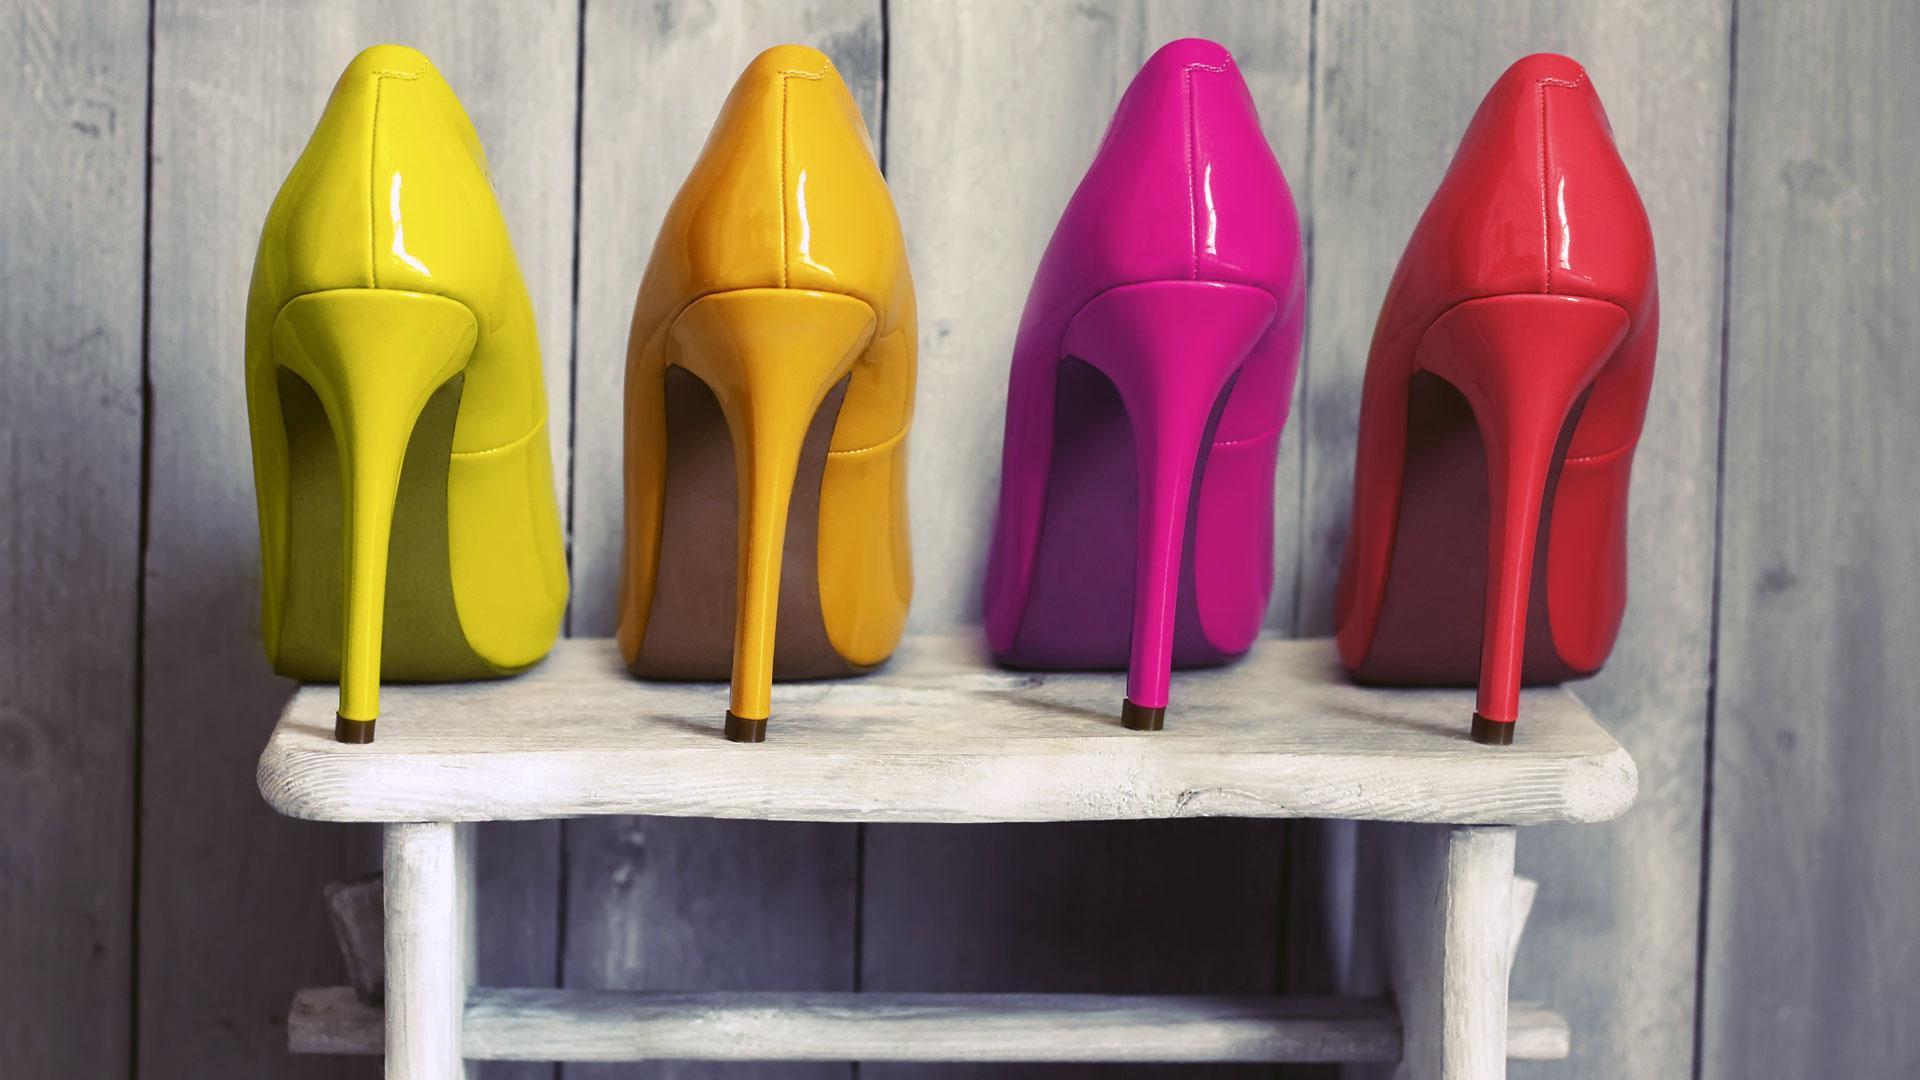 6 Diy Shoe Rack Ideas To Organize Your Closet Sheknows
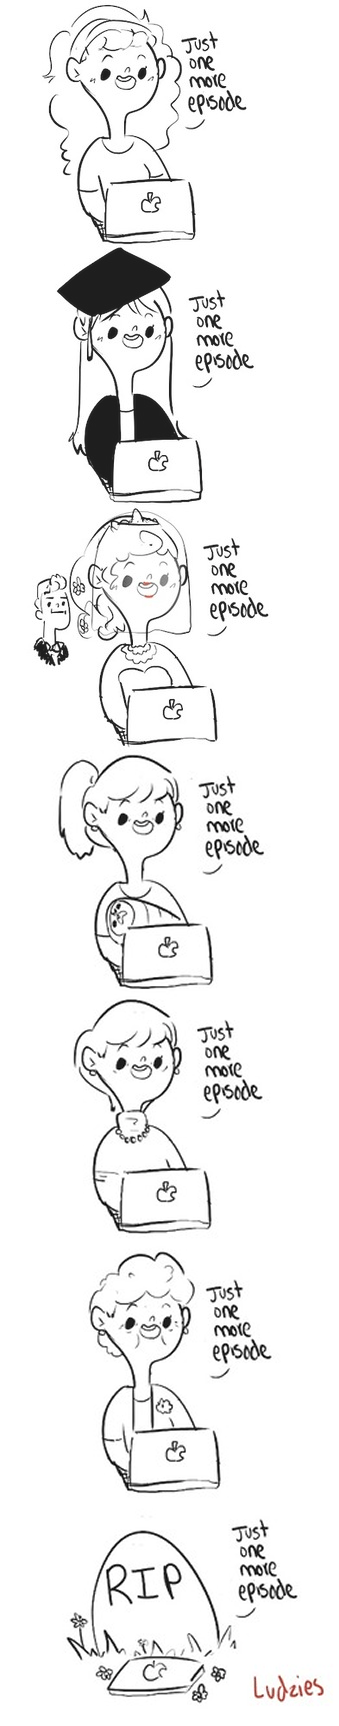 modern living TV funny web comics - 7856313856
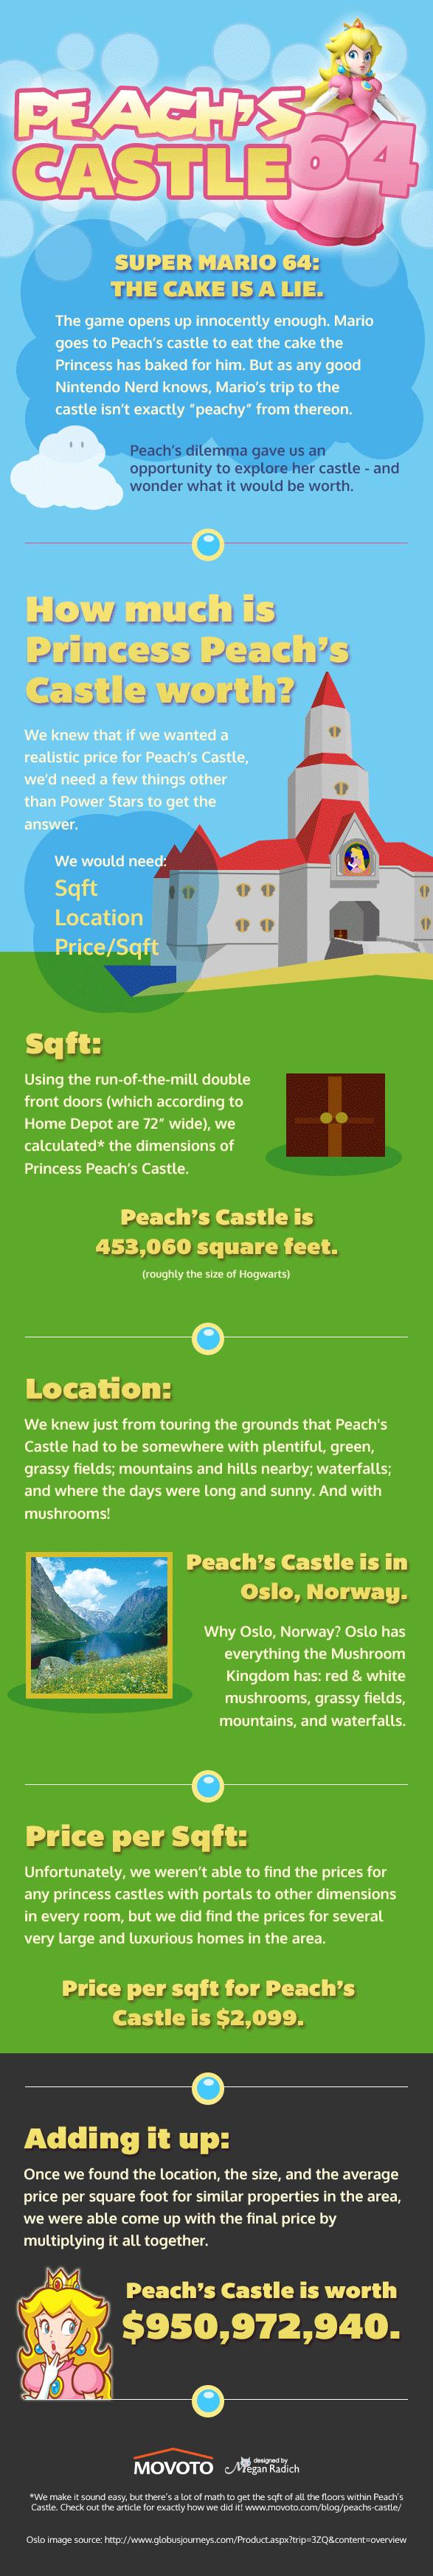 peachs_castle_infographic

================

**Work order**
From the material above, print everything exactly except the pictures.

**Result of this exercise**
 6 Diy Shoe Rack Ideas To Organize Your Closet Sheknows
 modern living TV funny web comics - 7856313856
 peachs_castle_infographic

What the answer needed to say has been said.